Update from Sandpoint, ID

Got a late start this morning after it took almost a half hour wait to get my order of breakfast at Catalyst Espresso where I had eaten at yesterday. They were nice about it though and didn’t charge me so I couldn’t be too upset.

I managed to get out on the road at 10:30AM which I didn’t mind very much because I didn’t have very far to go today – just north 200 miles to Sandpoint, ID.

I got on 93N instead of I90W and within 15 miles, I wished I hadn’t as I ploughed straight into a heavy construction zone. I had reminiscences of Alaska as we followed a pace car through about 10 miles of the worst bits. There was plenty of non-pavement, gravel and some muddy sections. It wasn’t too bad though and could keep a good pace through it all. When it was finally over, I pulled over into a vacant parking lot to unpack my tailbag and bring out my fleece lined winter gloves.

It hadn’t been to cold when I got out of the hotel but now it as freezing. It had started to rain as soon as I had left Missoula. I plugged in my heated vest and put on the gloves. For some reason the gloves kept feeling bulky and clumsy and I didn’t very much like wearing them even though I’ve worn them in the past without any problem.

I rode about 50 more miles before swapping them back with my Helds. My vest was keeping my core warm enough that I didn’t mind my hands getting a bit cold.

By this time I was on MT-200 and about 110 miles from Sandpoint. I figured I’d break it up into two parts and stop once along the way for lunch. The route turned out to mostly connect multiple fishing towns though and I didn’t see any interesting places to stop at. When I saw that I was only about 30 miles away from my destination, I decided to keep going even though it was getting past lunchtime and I could feel a bad headache coming on.

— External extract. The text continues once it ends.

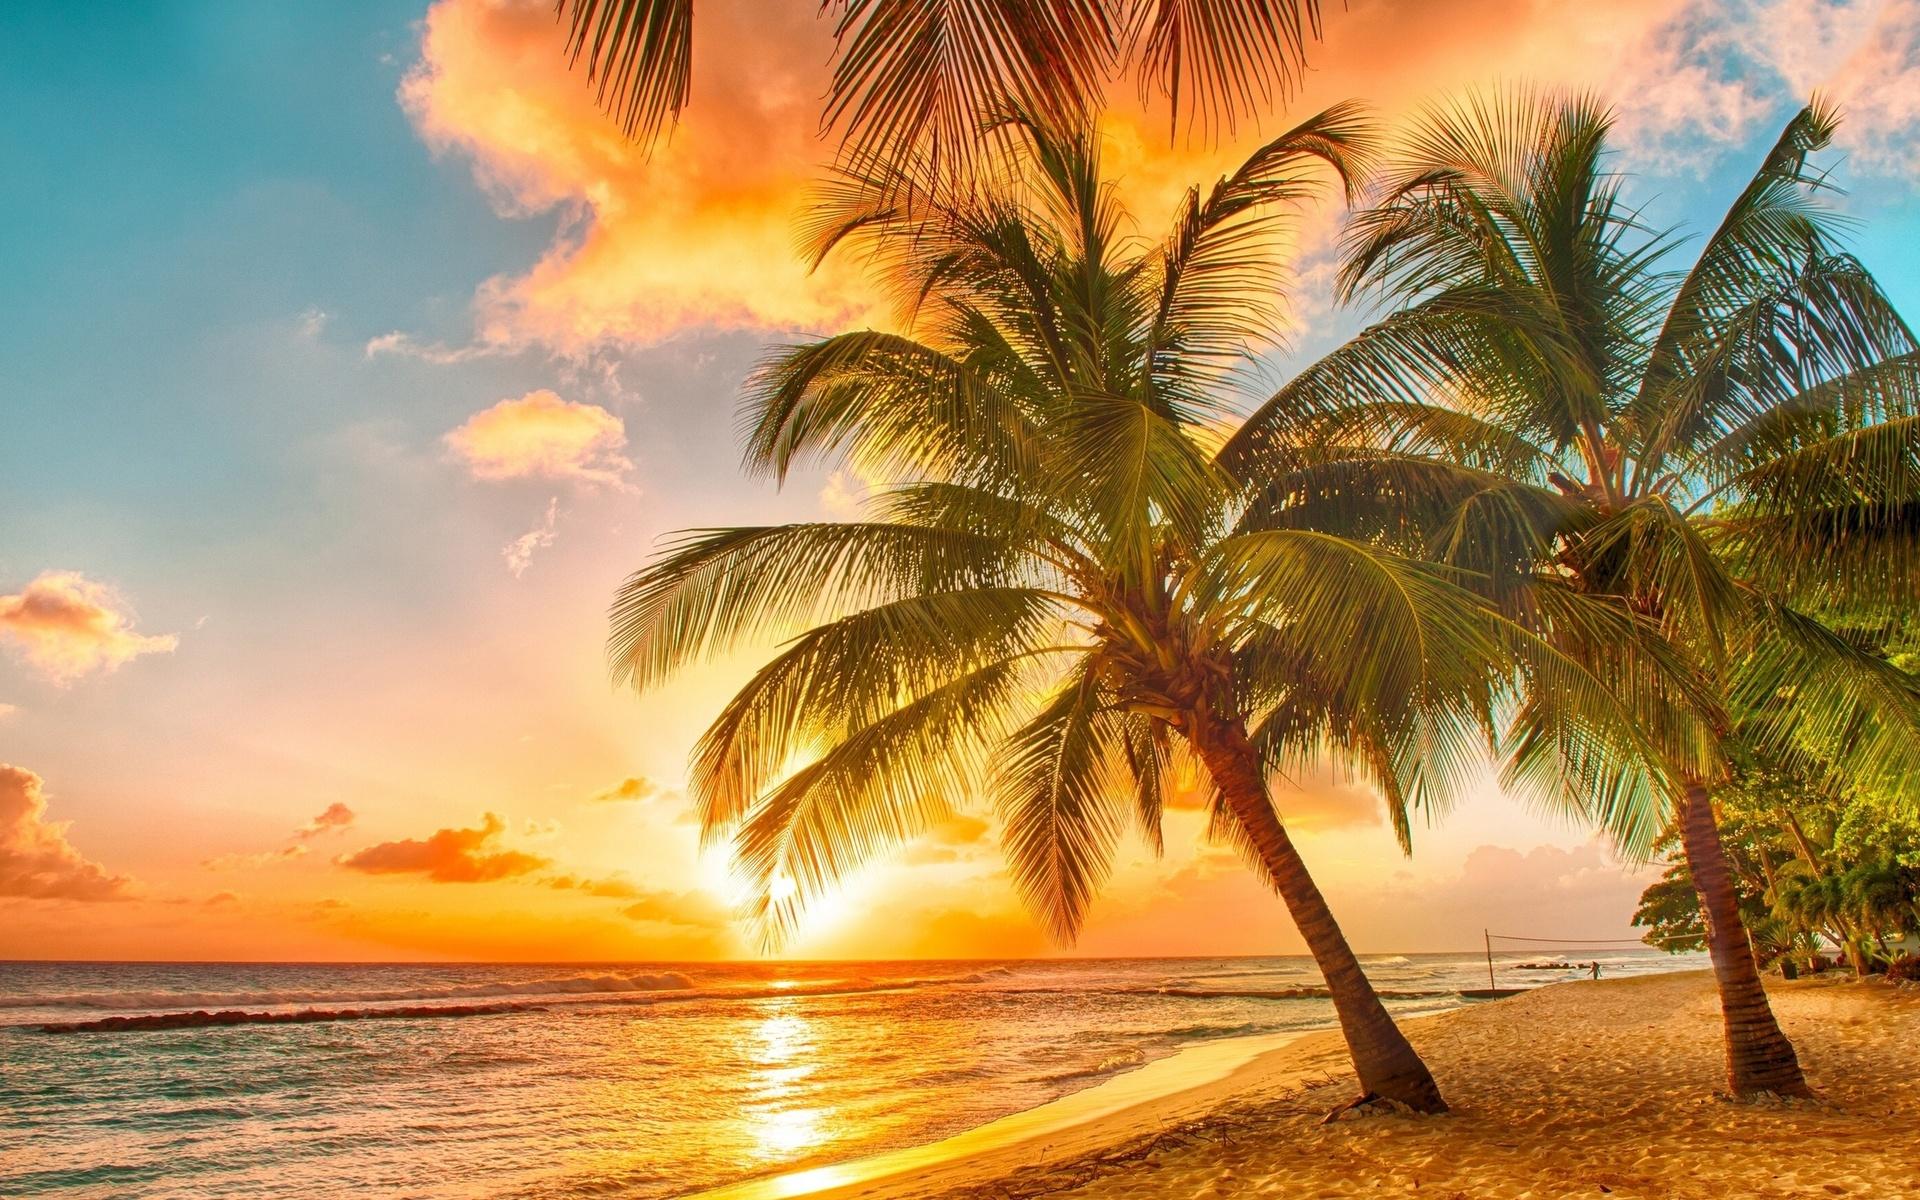 все картинки о солнце пляже и пальмах нашей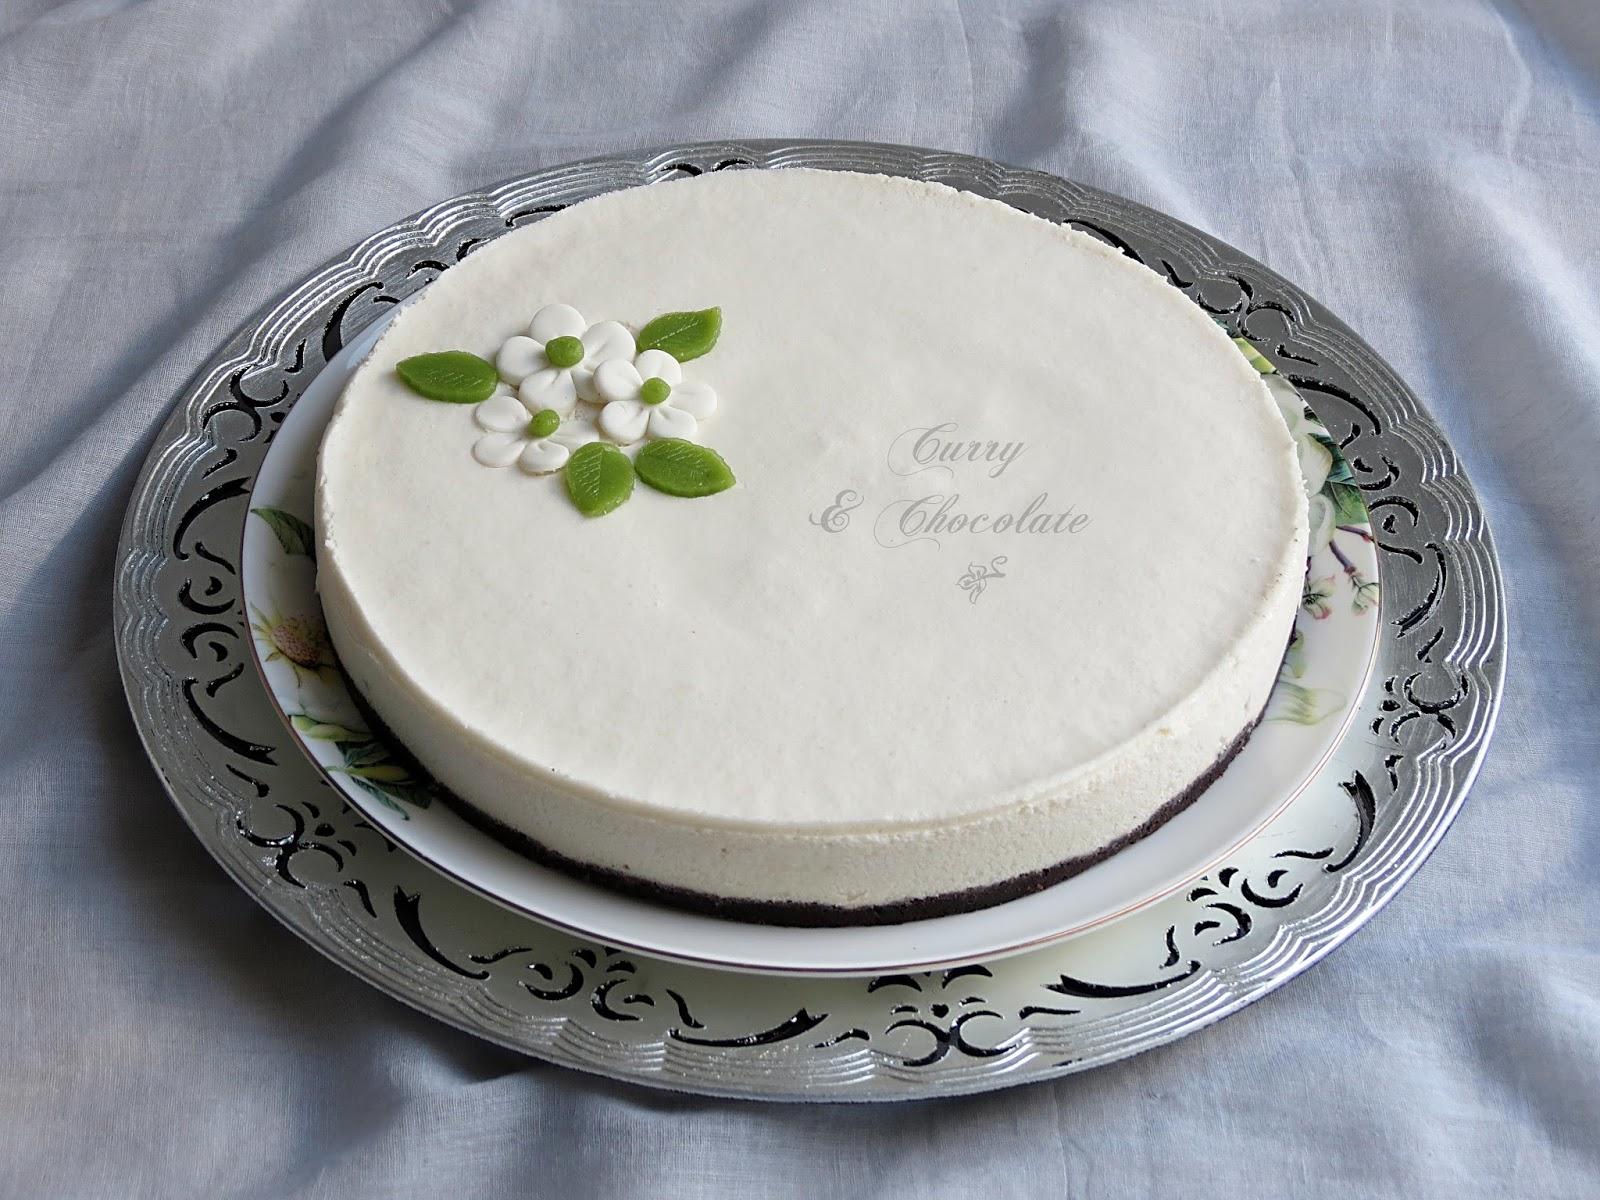 Tarta mousse de chocolate blanco y coco (sin horno

I made it to Sandpoint by 3 and stopped in the downtown area to get lunch – a blackened catfish po’ boy sandwich with a creamy broccoli soup and some decaf cappuchino.

I spent a good part of an hour agonizing over whether I should stop there for the night as I had planned or keep going. After having taken a day off from riding I wanted to keep going and not just stop. The 200 miles seemed like a teaser and I needed more. Also, if I stopped there, it would bring me to Seattle on Monday morning whereas if I kept going I might be able to make it there on Sunday night.

On the other hand, I had agreed to meet up with Jake in Sandpoint and there was no way he could catch up with me if I went another 150 miles further. I had my doubts whether he would catch up with me anyway seeing as he was in Big Timber, MT that morning and headed up to Glacier before turning west to Idaho, but it was the principle of the thing. I also didn’t want to rush through the last two day of my ride and see nothing but interstate. I’ve ridden through almost all of Washington except for the northeast part and now was an excellent chance to see it.

It was a really hard decision to make. Seattle was so close by I could almost smell the coffee. If I just got on I90 and kept going for 6 hours, I could make it home by midnight, see my cat again and spend Sunday with my boyfriend. Of course I knew that he would never let me live it down if I did this and besides it would go against the spirit of this ride, so with a heavy heart I decided to stick to plan and find a place to spend the night.

I was starting to feel really tired too so it seemed like the best thing to do even though I wasn’t happy about it.

After Missoula I got a sticker shock when I started calling around to find a place to stay. This being a resort town nothing was under $150. I finally found a Motel 6 for $57 although it was 2.5 miles away from downtown. When I got there they gave me a room for $45 because the airconditioning was broken, which I didn’t mind at all. Score!

It was also one of the nicest Motel 6 locations I have stayed at. I flopped down on the bed and slept for 2 straight hours.

When I woke up, it was about 6:30PM – I had crossed back over into Pacific Standard Time. I got on the bike and started towards downtown. To my disappointment, everything was closed and the place was a ghost town. I managed to find a cool 1920s mobster themed tapas bar that also served sushi. I got some very good decaf french press coffee and gyoza and a Black Widow roll.

After dinner, I rode back to the motel, stopping on the way to get gas. I pondered over what else to do but there weren’t very many options. Everything was closed except for the nightclubs. I could go to one of those but I wouldn’t be able to drink because I had to ride back. There was a big music festival in the park but it was outdoors and cold and rainy, not to mention sold out.

My evening appeared to have come to an abrupt end and I’m pretty sure that I’ll get the hell out of here tomorrow morning and start heading home.